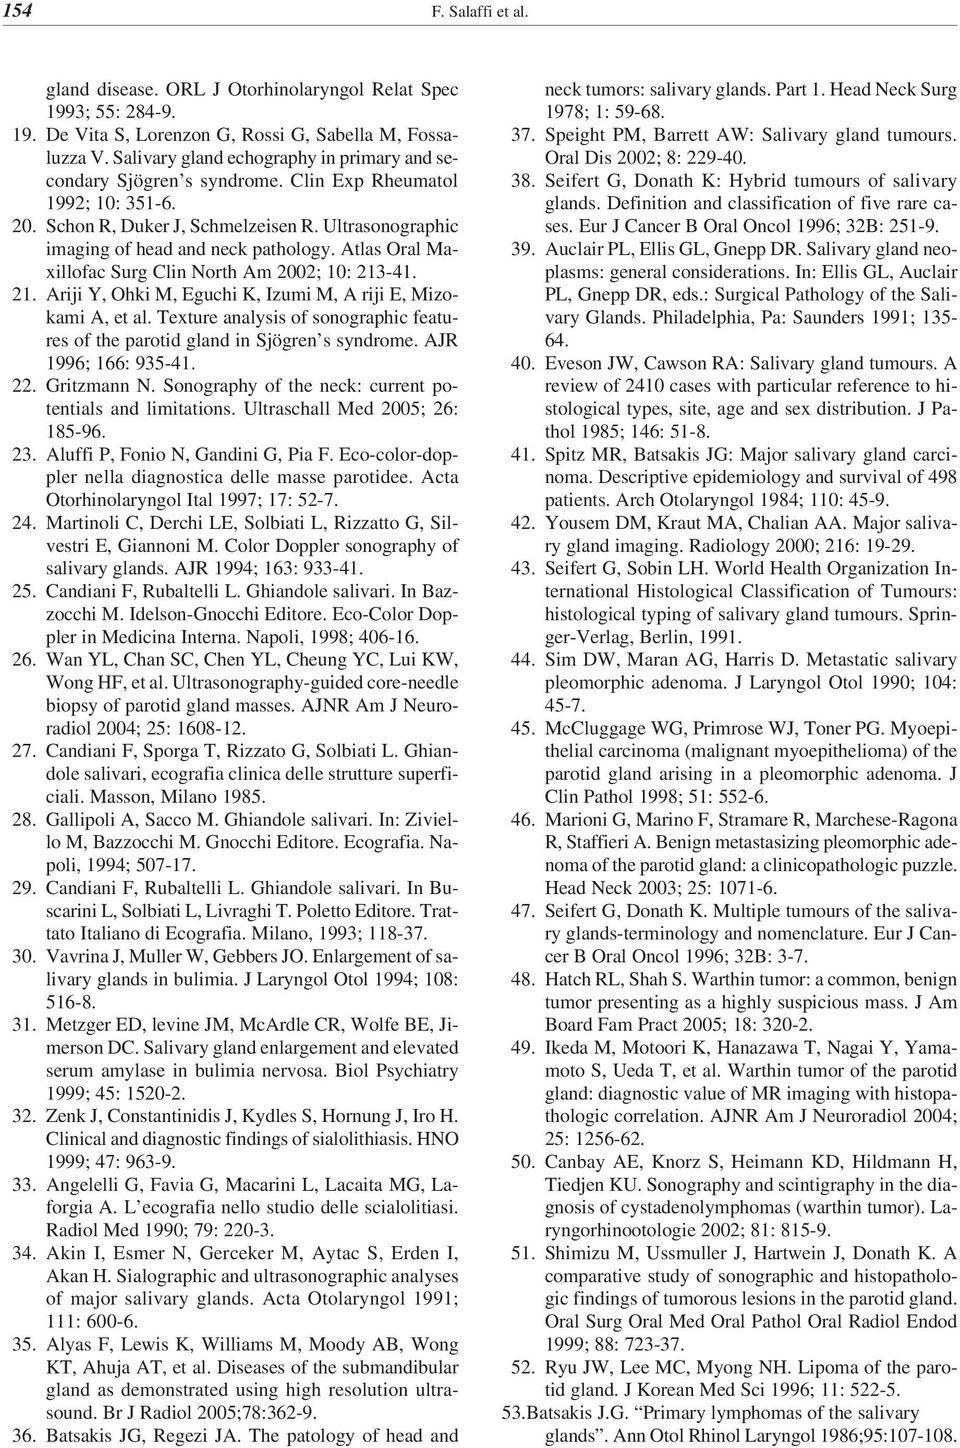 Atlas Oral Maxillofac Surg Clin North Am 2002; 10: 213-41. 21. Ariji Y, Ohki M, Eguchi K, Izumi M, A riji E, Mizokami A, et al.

---

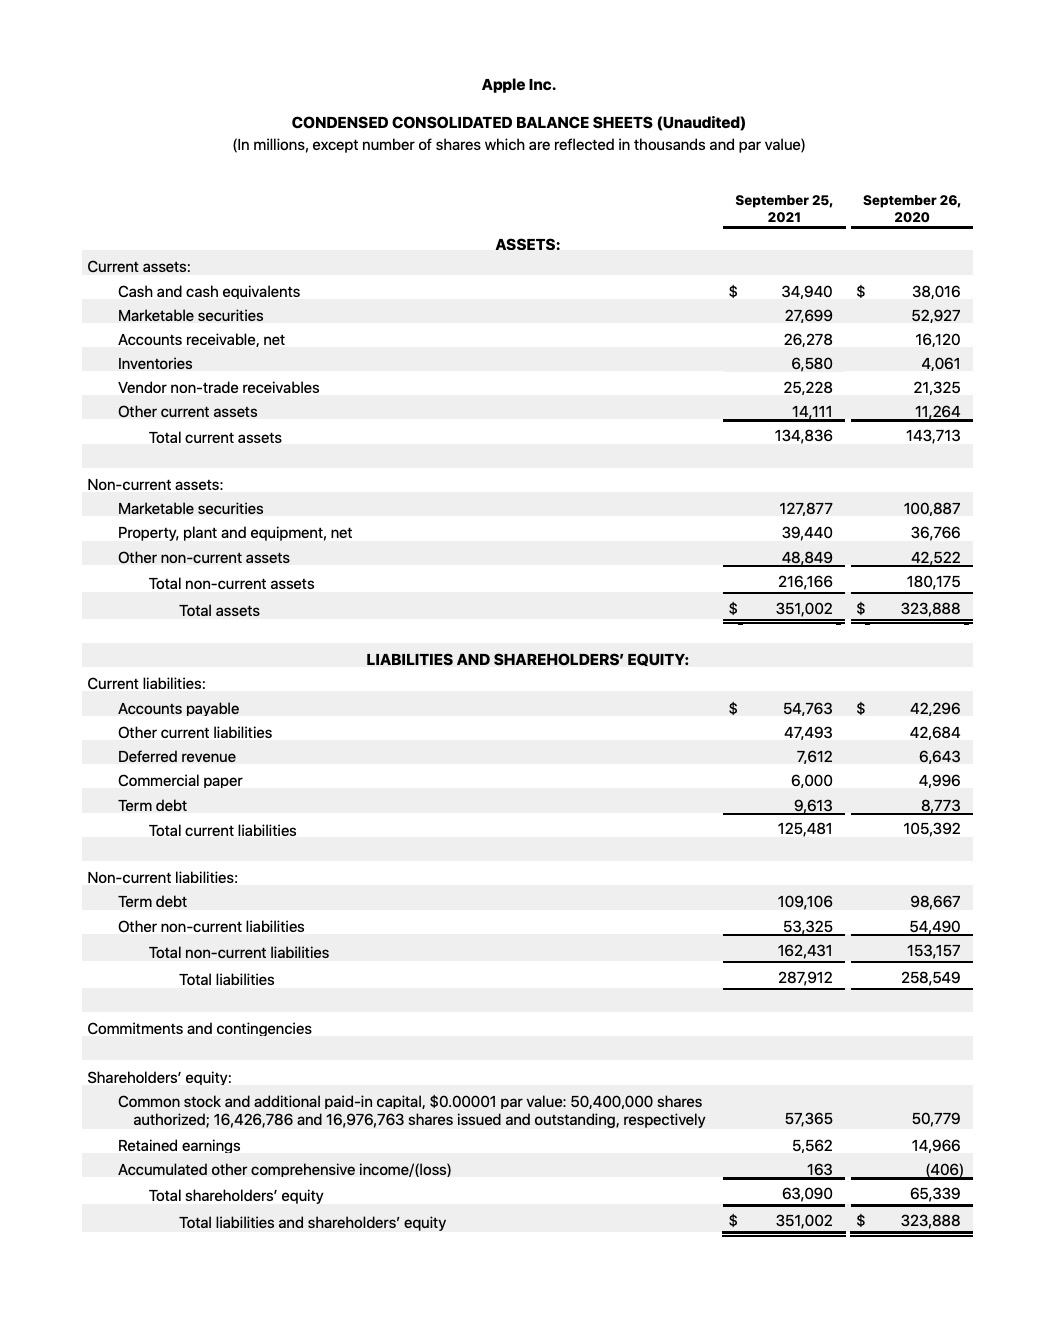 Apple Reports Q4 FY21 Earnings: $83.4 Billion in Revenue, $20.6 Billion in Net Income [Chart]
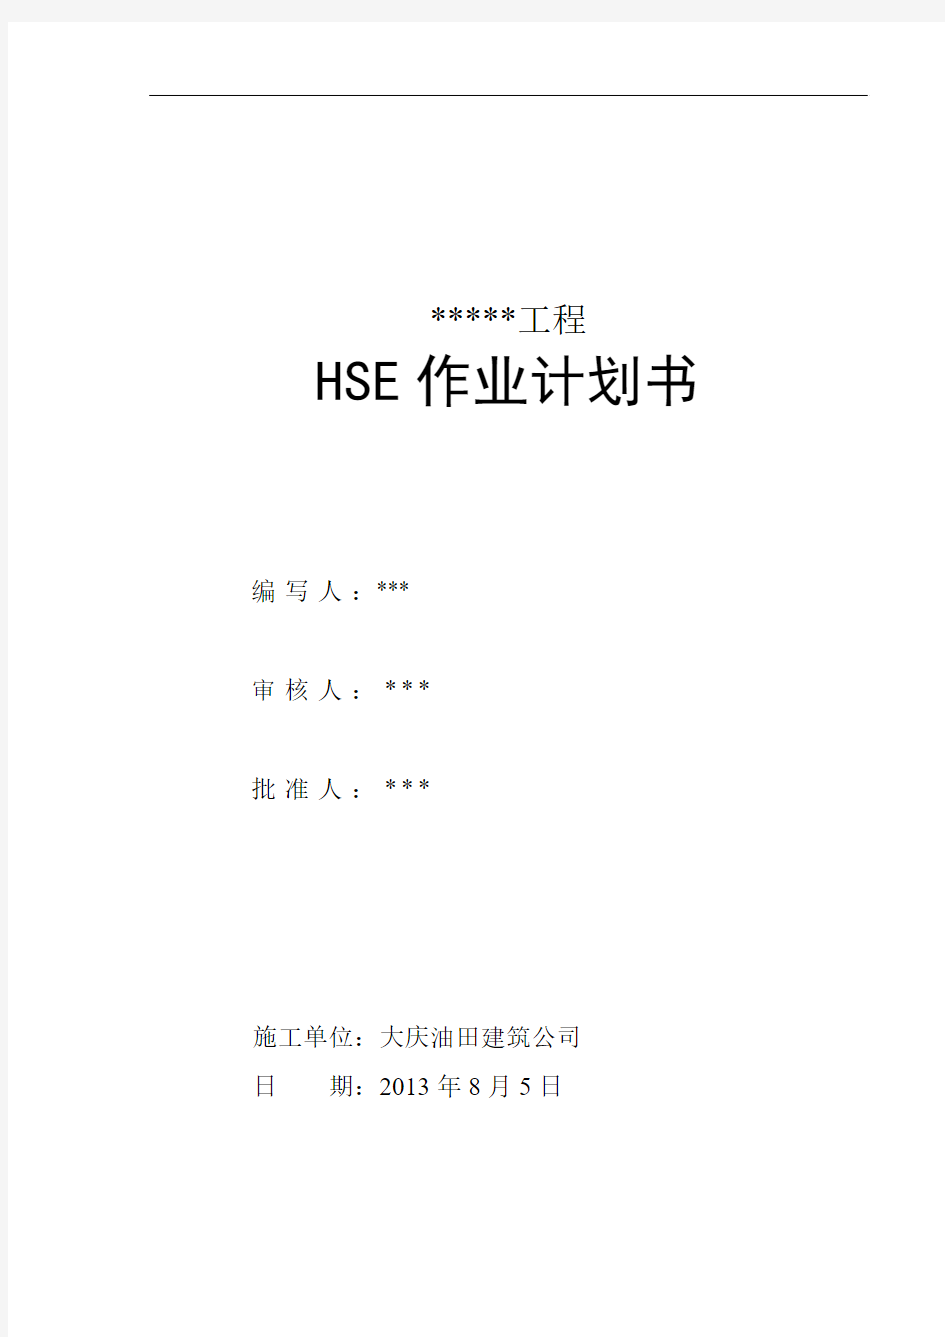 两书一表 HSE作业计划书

### EXERCISE BRIEF
Every line from the one with "Apple Reports Q4" through the one with "两书一表 HSE作业计划书" is to be reproduced exactly as written above, and the pictures are to be dropped.

### REPLY TO THE TASK
 Apple Reports Q4 FY21 Earnings: $83.4 Billion in Revenue, $20.6 Billion in Net Income [Chart]
 两书一表 HSE作业计划书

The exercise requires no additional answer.